Segment Open
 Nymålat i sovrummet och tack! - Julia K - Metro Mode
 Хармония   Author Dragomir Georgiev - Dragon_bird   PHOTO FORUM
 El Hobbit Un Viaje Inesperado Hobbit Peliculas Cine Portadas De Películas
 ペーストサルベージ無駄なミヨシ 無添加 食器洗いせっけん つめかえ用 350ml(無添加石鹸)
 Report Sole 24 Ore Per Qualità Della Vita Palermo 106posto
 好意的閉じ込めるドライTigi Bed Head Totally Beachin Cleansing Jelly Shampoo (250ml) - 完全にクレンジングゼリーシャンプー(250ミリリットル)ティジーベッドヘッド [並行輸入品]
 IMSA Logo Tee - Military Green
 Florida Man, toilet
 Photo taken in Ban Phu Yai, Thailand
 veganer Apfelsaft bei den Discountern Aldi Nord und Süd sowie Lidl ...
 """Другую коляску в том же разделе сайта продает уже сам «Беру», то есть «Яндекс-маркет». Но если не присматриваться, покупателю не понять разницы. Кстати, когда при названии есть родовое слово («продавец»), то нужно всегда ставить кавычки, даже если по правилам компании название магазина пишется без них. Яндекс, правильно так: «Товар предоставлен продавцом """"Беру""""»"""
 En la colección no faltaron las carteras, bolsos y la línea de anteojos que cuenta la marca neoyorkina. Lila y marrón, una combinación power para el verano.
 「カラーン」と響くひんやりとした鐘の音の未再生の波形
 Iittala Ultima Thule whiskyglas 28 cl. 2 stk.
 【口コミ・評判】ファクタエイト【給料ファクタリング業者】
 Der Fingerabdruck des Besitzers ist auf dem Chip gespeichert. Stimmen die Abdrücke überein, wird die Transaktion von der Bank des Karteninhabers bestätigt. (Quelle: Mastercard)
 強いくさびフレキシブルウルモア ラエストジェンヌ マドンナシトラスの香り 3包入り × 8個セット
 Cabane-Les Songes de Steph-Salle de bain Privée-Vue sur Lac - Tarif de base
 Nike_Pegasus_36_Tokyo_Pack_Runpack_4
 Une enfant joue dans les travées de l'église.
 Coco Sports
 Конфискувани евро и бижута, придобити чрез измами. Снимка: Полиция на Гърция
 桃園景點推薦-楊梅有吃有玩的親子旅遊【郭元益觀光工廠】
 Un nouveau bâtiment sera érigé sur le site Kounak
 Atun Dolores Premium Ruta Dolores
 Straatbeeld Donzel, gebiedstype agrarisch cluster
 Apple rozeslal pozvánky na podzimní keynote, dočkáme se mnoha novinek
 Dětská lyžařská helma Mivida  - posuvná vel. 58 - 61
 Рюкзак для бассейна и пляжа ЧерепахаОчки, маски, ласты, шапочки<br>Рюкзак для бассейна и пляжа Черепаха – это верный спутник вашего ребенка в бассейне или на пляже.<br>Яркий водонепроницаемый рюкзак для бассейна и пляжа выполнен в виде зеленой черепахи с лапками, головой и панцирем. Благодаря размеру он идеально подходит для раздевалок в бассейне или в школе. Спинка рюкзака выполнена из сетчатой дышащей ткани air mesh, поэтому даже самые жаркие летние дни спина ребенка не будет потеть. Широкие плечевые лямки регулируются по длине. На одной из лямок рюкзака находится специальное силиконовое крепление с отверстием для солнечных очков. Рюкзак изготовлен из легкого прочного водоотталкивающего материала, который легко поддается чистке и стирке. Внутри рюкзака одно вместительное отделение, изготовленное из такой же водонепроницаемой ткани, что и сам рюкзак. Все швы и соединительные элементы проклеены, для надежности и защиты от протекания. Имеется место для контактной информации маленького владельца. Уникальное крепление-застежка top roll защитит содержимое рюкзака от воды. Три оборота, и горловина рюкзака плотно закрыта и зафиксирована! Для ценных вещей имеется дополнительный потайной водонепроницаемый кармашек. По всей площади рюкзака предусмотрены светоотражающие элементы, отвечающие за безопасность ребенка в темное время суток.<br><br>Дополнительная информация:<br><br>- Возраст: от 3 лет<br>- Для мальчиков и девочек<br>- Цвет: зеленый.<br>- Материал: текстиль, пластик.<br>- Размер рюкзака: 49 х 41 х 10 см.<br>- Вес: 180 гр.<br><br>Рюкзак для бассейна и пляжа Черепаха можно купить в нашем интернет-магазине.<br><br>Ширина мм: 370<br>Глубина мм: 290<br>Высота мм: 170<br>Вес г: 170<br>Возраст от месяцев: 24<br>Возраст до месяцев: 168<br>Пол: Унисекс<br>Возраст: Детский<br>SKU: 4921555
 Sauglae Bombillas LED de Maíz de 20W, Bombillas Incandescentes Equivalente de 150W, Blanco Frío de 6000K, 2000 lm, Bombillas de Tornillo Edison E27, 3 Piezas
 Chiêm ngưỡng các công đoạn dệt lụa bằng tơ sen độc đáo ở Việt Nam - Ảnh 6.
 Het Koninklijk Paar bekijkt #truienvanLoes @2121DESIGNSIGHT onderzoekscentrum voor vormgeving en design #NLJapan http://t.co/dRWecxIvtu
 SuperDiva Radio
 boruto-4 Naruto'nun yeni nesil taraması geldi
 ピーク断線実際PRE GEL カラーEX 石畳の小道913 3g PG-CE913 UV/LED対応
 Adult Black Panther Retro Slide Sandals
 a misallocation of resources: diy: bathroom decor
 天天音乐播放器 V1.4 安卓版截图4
Segment Closed
- Exercise brief -
Nothing but the lines from the one with "Het Koninklijk Paar" through the last line of the entries should be repeated, and those exactly.

- Exercise solution -
 Het Koninklijk Paar bekijkt #truienvanLoes @2121DESIGNSIGHT onderzoekscentrum voor vormgeving en design #NLJapan http://t.co/dRWecxIvtu
 SuperDiva Radio
 boruto-4 Naruto'nun yeni nesil taraması geldi
 ピーク断線実際PRE GEL カラーEX 石畳の小道913 3g PG-CE913 UV/LED対応
 Adult Black Panther Retro Slide Sandals
 a misallocation of resources: diy: bathroom decor
 天天音乐播放器 V1.4 安卓版截图4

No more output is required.